In Russell's defense, he hadn't heard of the big bang theory. He lived under the belief that science had proved the universe was eternal. We now know that is untrue and are left with God as the uncaused.

Anonymous said...

In Chesterton's defence, he wrote prior to most of Russell, so hadn't heard of the Big Bang theory either.

Steve

Anonymous said...

This does not detract from his case, even is Russell believed in an eternal universe. Not necessarily a universe that has lasted forever, but one that has a big bang, interim, big crunch etc ad infinitum. The universe simply is 'brute fact', as we all know, we should also consider Hume's objections state, is there such a thing as cause and effect? Some matter, such as quarks contravene this.

H.S.Pal said...

“Tegmark's Ensembles
Tegmark has recently proposed what he calls "the ultimate ensemble theory" in which all universes that mathematically exist also physically exist (Tegmark 1997). By "mathematical existence," Tegmark means "freedom from contradiction." So, universes cannot contain square circles, but anything that does not break a rule of logic exists in some universe.”
(From: The Anthropic Coincidences:
A Natural Explanation
Published in The Skeptical Intelligencer, 3(3, July 1999): pp. 2-17.
By Victor J. Stenger)

So here we see that as per Tegmark mathematical existence implies physical existence.

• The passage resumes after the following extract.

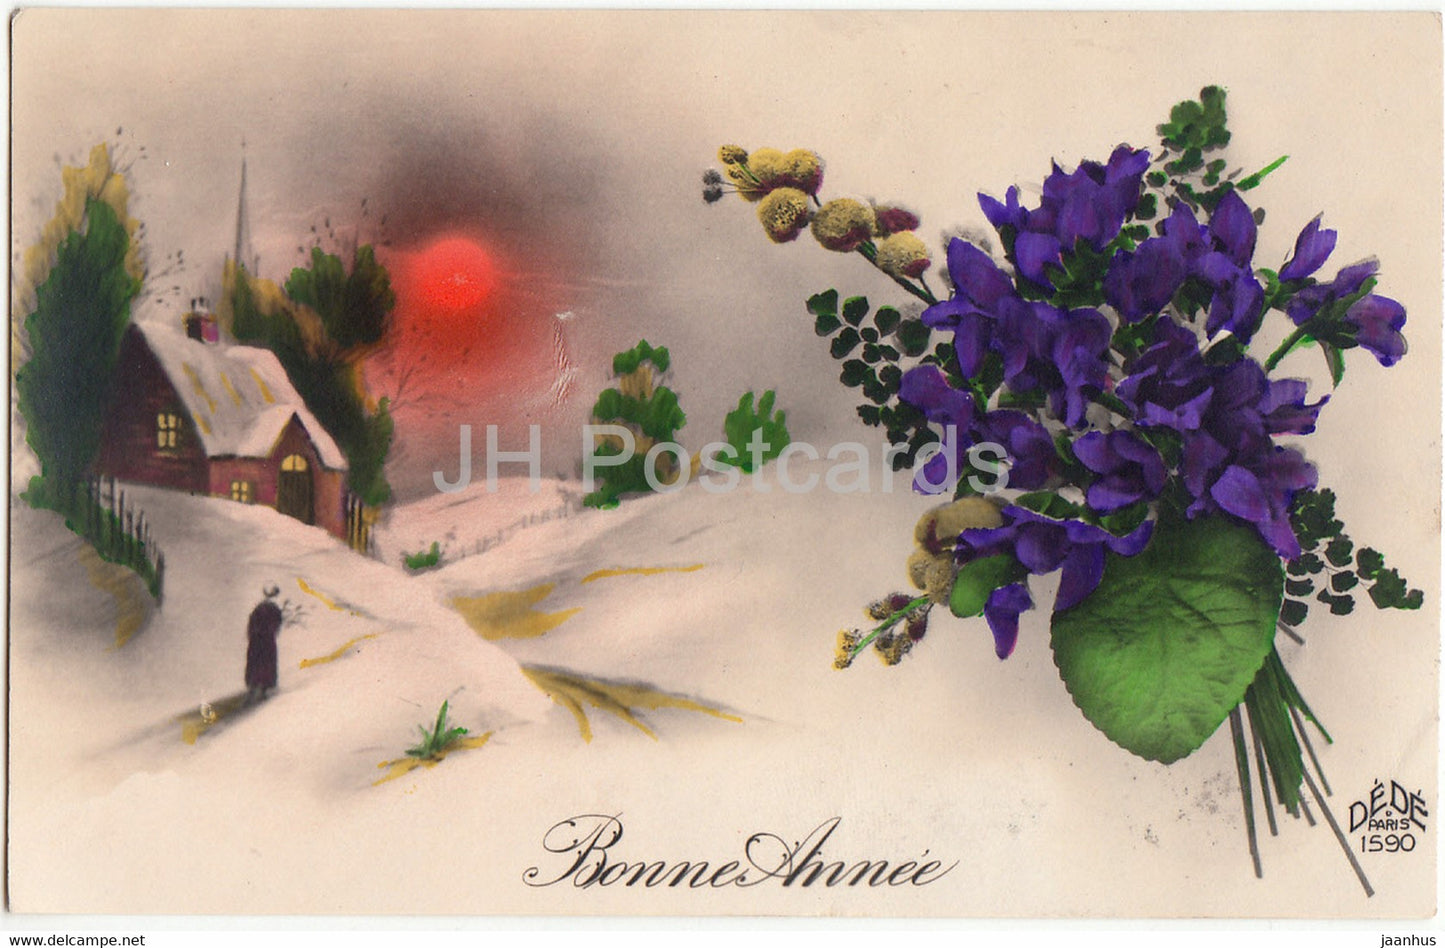 New Year Greeting Card - Bonne Annee - flowers - Church - Dede Paris 1590 - old postcard - 1929 - France - used - JH Postcards

From the following equation of special theory of relativity
t1 = t (1-v2/c2)1/2
one can see that if one can move with the speed of light, then he will be immortal. Because when v = c, then for any value of t, value of t1 will always be zero. Even if value of t is an eternity, till then value of t1 will be zero. So in one frame of reference whole of eternity may pass, but in another frame of reference not a single moment will elapse. Whoever will be in this second reference frame, will be immortal. Because even in the whole time span of an eternity he will not be older by a single second. So from this equation we see that immortality has got mathematical existence. But as per Tegmark mathematical existence implies physical existence. Therefore we can conclude that immortality has got physical existence also. This means that there is an immortal being in this universe.
H.S.PAL

Unknown said...

this is just a piece of the essay. this part he is just explaining why he doesn't accept god as a necessary creator. the essay may not be great, but there's nothing in this section worth complaining about if you read the whole thing.